In the summer of 1910, Mahler's life was in crisis.  His wife Alma was having a passionate affair with the architect Walter Gropius[1].

Mahler was exhausted and sick. From 1907, he had been suffering from a heart condition, which Alma described as a 'virtual death sentence.' He was still haunted by the death of his young daughter, Maria from scarlet fever in August, 1907. Mahler was constantly dwelling on the past: his troubled upbringing, his feeling of being an outsider, religion and death. He was also wearied by a lack of public understanding of his music and battered by the politics and workload of being the world's leading conductor.   These tensions, which were essential ingredients and topics for his music, were wrecking his marriage and Alma suggested that he consult Sigmund Freud.

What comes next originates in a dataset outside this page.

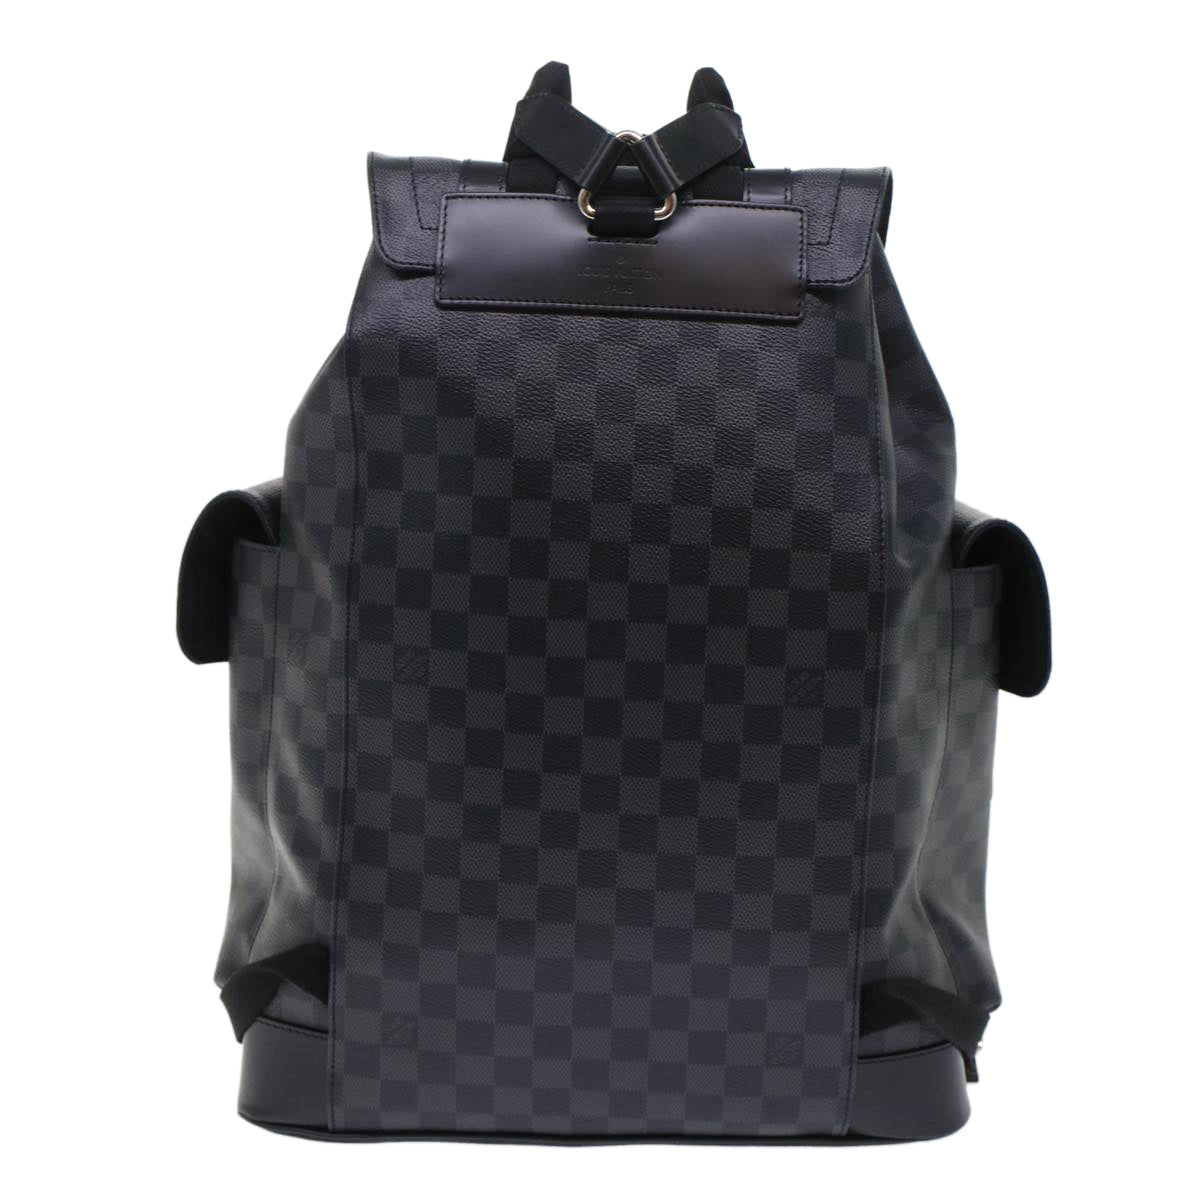 LOUIS VUITTON Damier Graphite Christopher PM Backpack N40005 LV Auth 49422A - 0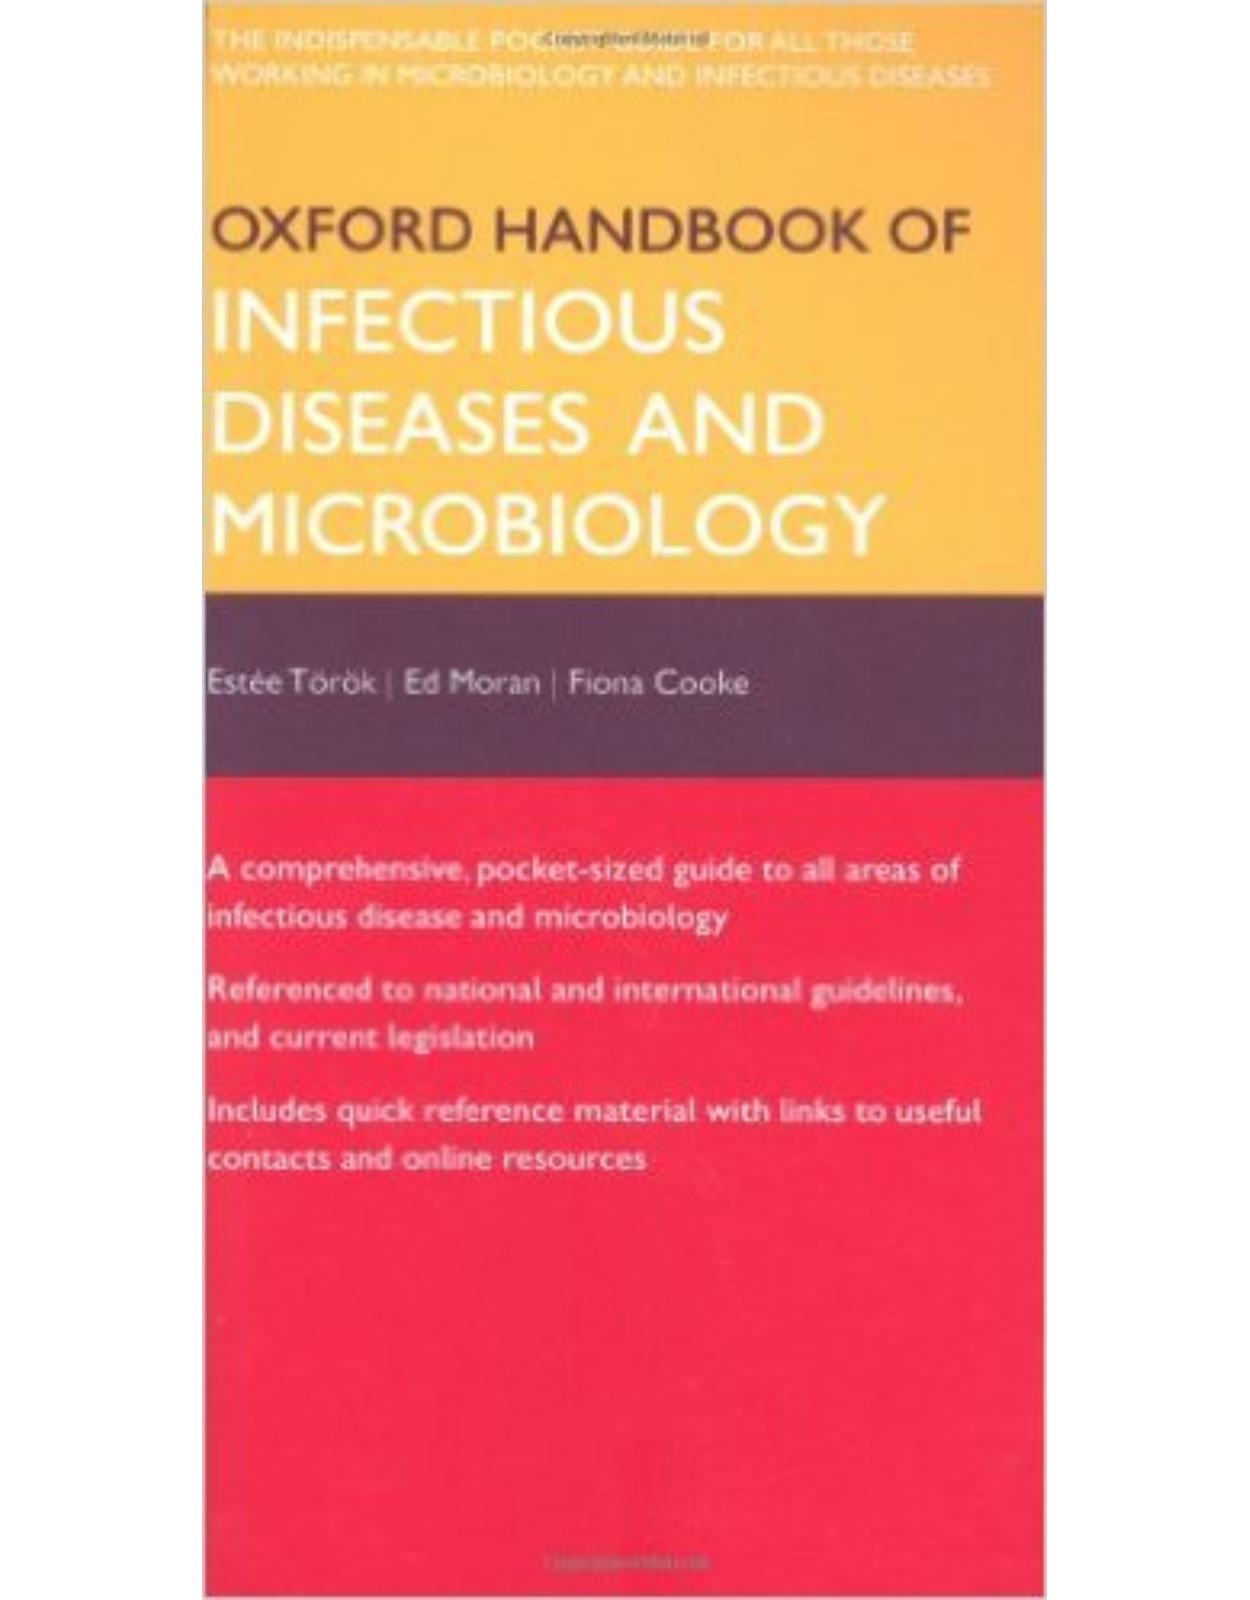 Oxford Handbook of Infectious Diseases and Microbiology

Mahler sent Freud a letter asking for a consultation, which was duly arranged.  Mahler cancelled three times, finally agreeing to meet Freud in Leiden in Holland whilst both were on their summer holidays.  Mahler was writing his 10th Symphony and left his summerhouse in Toblach to travel to Holland where Freud was on holiday with his family.  The two met at a hotel so Mahler was not to sit back on Freud's famous consulting couch!  Instead the two went for a four-hour walk.  Despite both living in Vienna, this was their only meeting.

Freud was impressed with Mahler's understanding of psychoanalysis.  This should come as no surprise as Mahler was extremely well read and his music displays an incredible self-awareness: an understanding of his own mind, emotions and how these relate to the world around him.  Both men were from the same cultural environment and both were Jewish. Mahler and Freud were ground- breaking, internationally renowned figures in their respective fields and both understood what it meant to be an outsider in an increasingly anti-Semitic world. Both were family men yet had complicated relationships with women.  Both were self-obsessed.

Here the similarities end.  Freud was no great lover of music and famously only ever enjoyed Mozart's Zauberflöte.  Music was Mahler's life.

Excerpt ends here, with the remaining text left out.